*** Opening of SUPPLIED INFORMATION ***
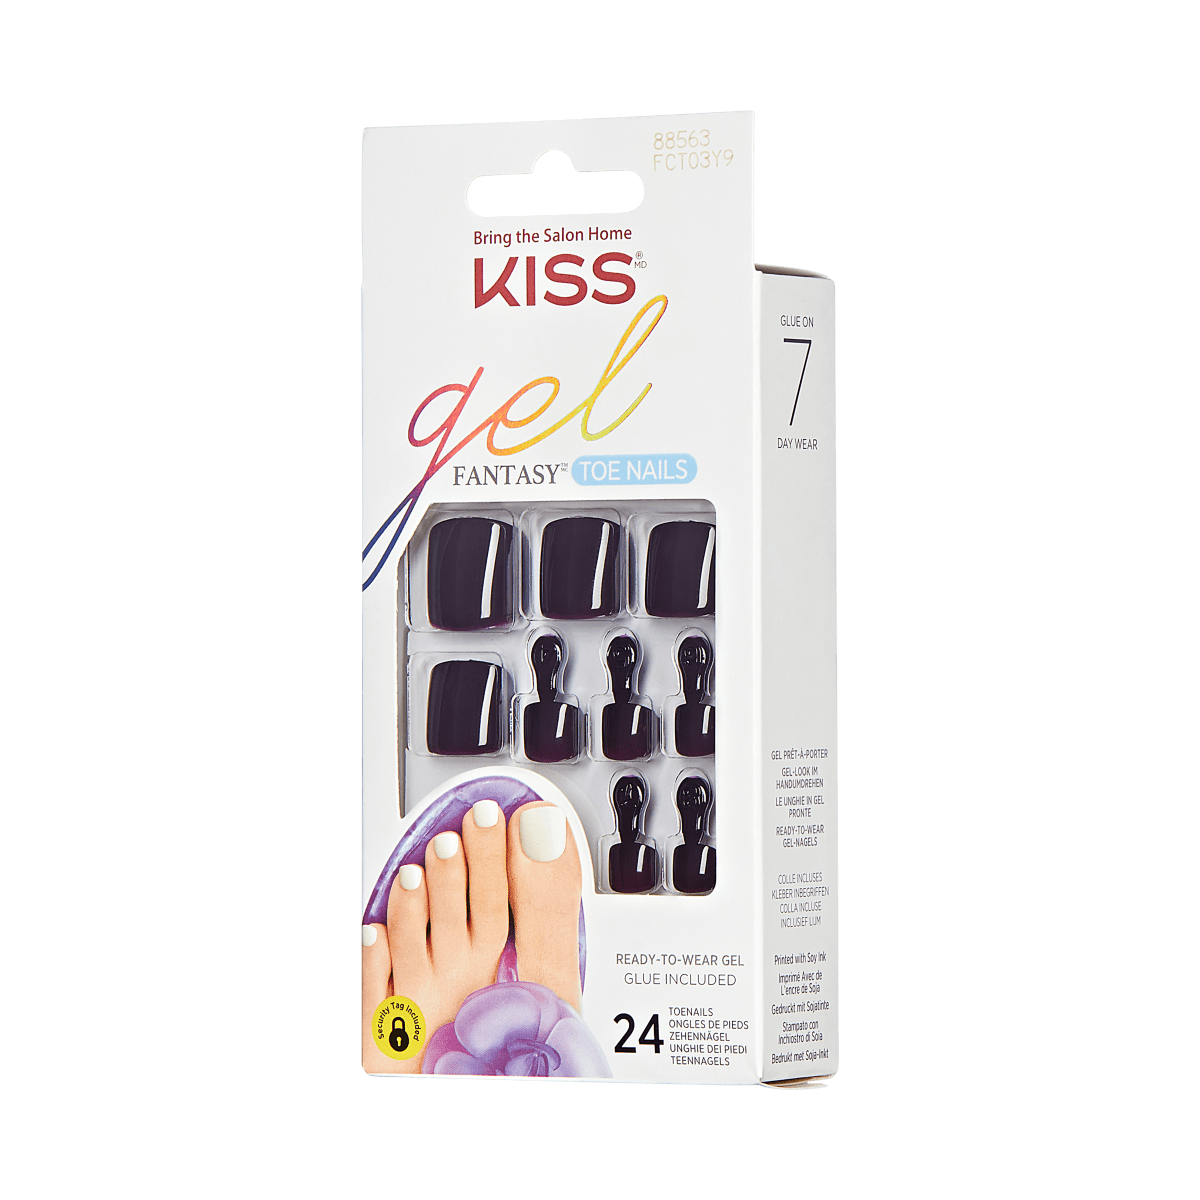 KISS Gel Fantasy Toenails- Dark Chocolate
*** Close of SUPPLIED INFORMATION ***
*** Opening of SUPPLIED INFORMATION ***
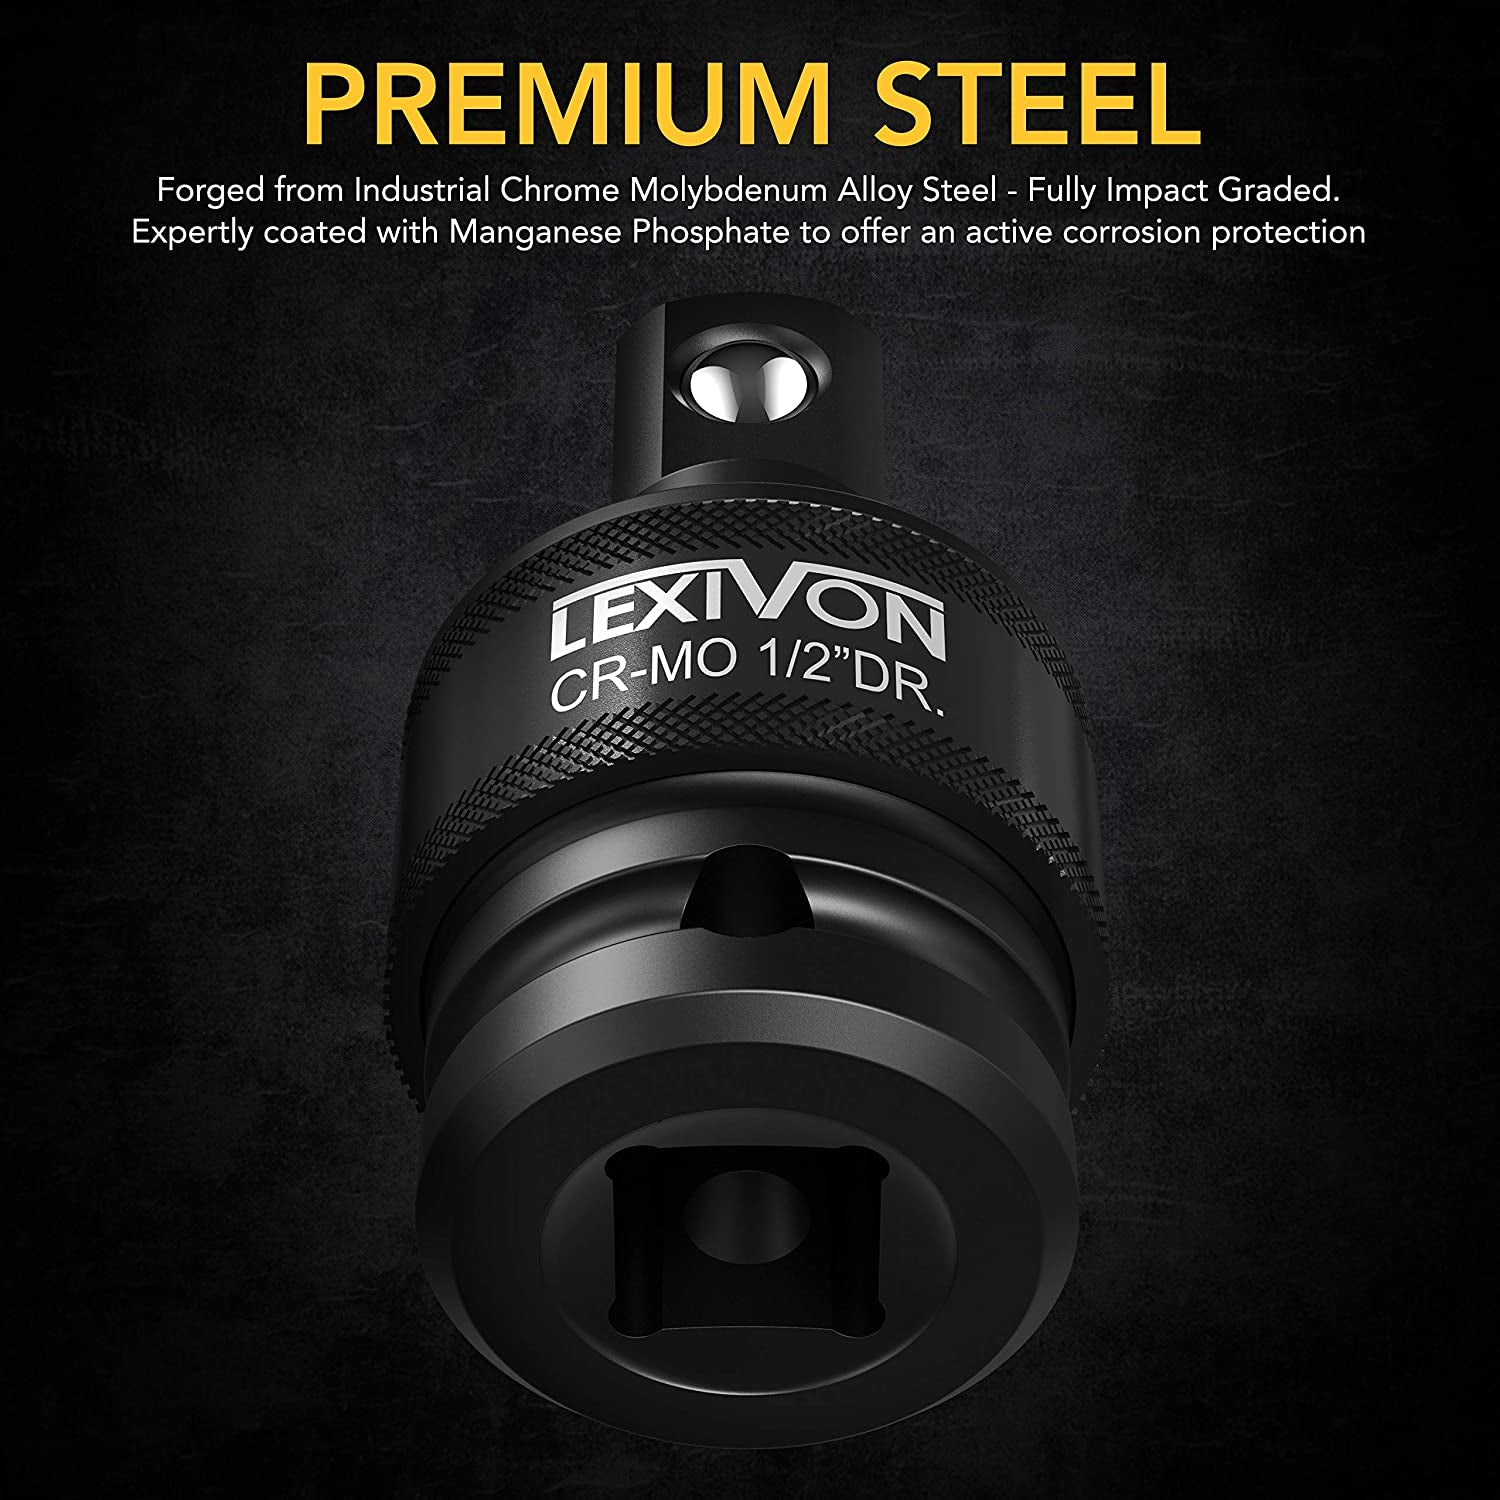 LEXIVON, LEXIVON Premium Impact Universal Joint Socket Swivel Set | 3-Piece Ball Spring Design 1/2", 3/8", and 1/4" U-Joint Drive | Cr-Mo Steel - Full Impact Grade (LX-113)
*** Close of SUPPLIED INFORMATION ***
*** Opening of SUPPLIED INFORMATION ***
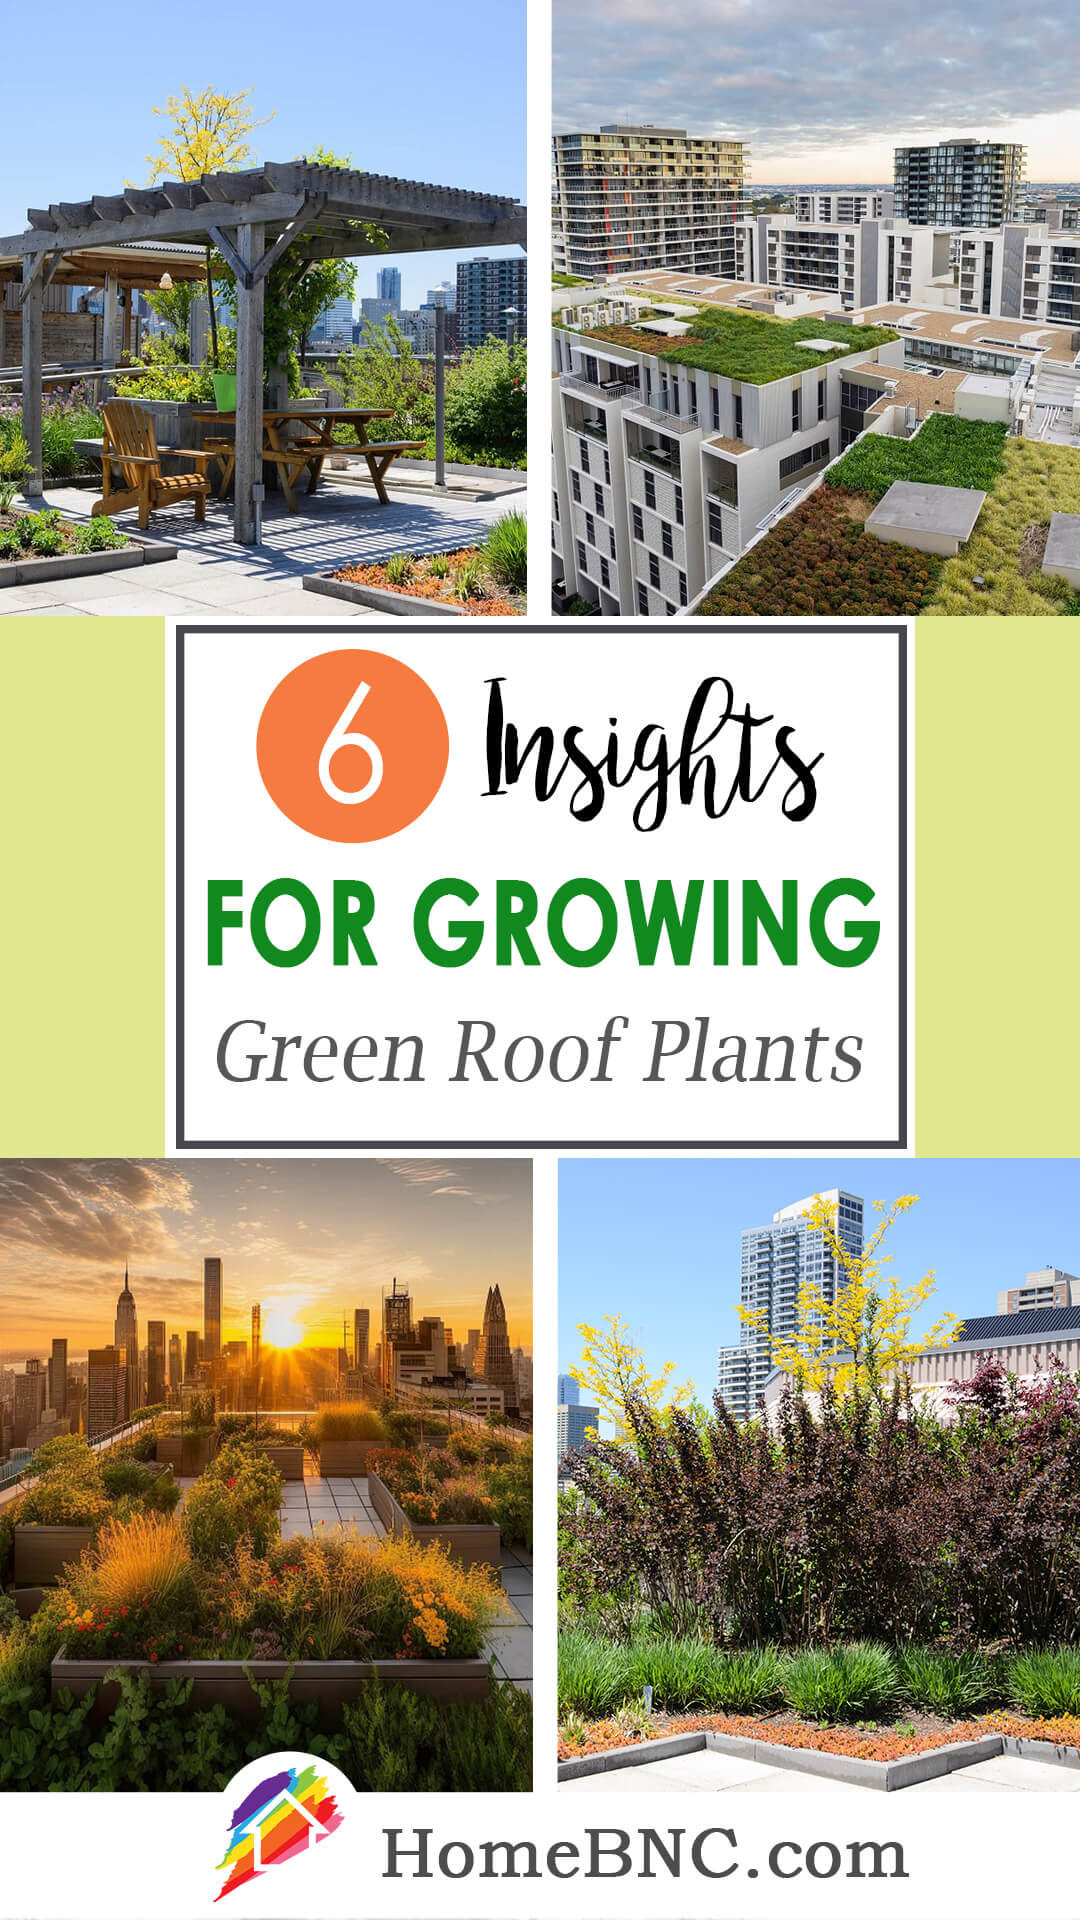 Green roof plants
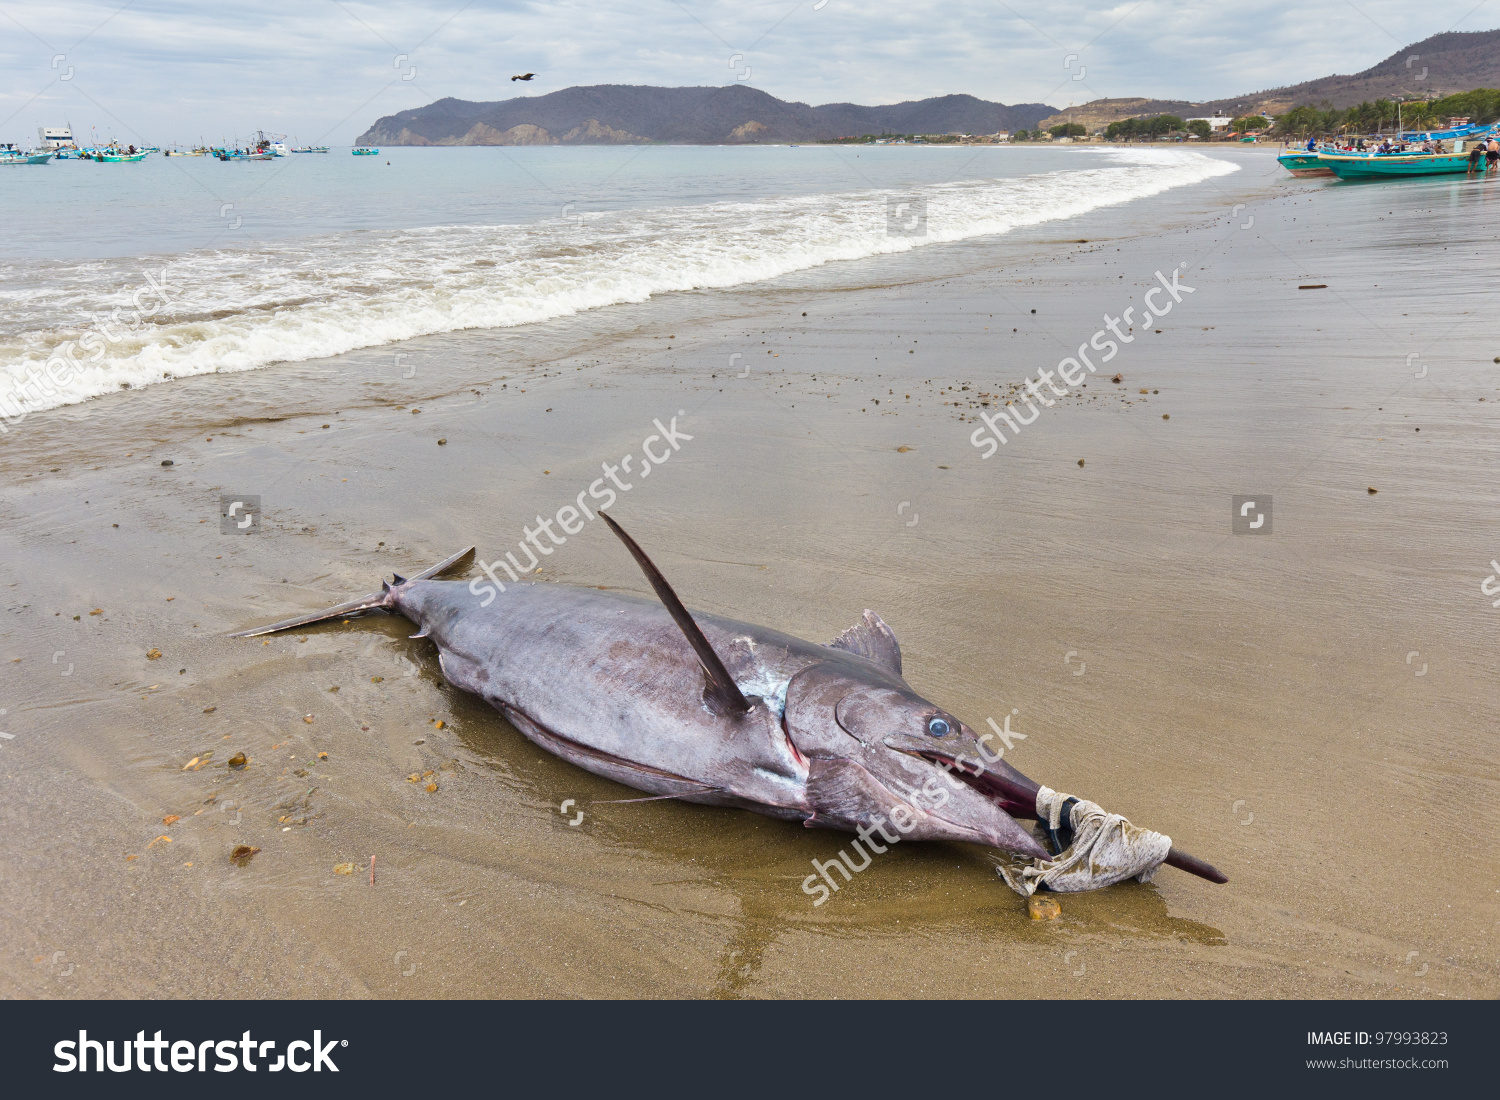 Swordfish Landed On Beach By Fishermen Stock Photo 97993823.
*** Close of SUPPLIED INFORMATION ***
Copy the listing above exactly, but only from the line with "Green roof plants" through the line with "Swordfish Landed On", including those two lines and excluding any picture.

 Green roof plants
 Swordfish Landed On Beach By Fishermen Stock Photo 97993823.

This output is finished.